--- START ---

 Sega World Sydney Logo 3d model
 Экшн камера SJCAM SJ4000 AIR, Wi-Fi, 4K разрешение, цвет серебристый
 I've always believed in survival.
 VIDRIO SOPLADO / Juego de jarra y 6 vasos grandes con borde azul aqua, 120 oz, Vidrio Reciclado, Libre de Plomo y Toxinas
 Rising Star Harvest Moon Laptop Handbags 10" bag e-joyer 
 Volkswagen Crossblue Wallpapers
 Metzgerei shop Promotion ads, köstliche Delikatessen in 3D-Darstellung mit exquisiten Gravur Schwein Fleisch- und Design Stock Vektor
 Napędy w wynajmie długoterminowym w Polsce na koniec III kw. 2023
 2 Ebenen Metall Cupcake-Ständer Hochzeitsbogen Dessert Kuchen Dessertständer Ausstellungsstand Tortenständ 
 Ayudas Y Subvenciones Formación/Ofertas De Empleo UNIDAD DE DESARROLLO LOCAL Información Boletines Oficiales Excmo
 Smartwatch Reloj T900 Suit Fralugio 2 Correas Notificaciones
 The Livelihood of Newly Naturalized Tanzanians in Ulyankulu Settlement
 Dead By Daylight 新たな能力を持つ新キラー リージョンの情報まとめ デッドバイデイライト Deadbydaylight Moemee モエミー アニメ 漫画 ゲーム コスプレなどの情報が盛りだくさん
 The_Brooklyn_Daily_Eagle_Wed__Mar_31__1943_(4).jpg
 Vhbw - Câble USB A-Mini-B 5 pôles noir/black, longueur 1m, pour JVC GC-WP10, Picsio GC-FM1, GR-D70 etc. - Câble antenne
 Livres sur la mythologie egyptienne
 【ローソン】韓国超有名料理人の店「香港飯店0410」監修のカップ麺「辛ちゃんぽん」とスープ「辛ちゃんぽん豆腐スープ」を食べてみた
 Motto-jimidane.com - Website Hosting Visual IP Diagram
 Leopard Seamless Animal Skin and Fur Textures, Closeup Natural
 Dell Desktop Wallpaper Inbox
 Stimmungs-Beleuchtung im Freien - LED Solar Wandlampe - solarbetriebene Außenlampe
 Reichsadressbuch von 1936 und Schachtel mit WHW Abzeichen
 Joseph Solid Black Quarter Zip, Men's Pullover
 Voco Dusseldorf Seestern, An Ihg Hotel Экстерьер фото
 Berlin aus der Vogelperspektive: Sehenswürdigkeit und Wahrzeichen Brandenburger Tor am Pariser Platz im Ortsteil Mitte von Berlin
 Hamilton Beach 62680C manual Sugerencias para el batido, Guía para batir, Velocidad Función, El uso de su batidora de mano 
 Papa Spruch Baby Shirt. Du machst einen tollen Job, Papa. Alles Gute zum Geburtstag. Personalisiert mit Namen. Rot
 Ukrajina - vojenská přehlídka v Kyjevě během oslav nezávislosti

--- END ---

- **Assignment**
Using the data above, repeat exactly the lines that begin at the line with "Rising Star Harvest" and end at the line with "Napędy w wynajmie", both ends included.

- **Expected answer**
 Rising Star Harvest Moon Laptop Handbags 10" bag e-joyer 
 Volkswagen Crossblue Wallpapers
 Metzgerei shop Promotion ads, köstliche Delikatessen in 3D-Darstellung mit exquisiten Gravur Schwein Fleisch- und Design Stock Vektor
 Napędy w wynajmie długoterminowym w Polsce na koniec III kw. 2023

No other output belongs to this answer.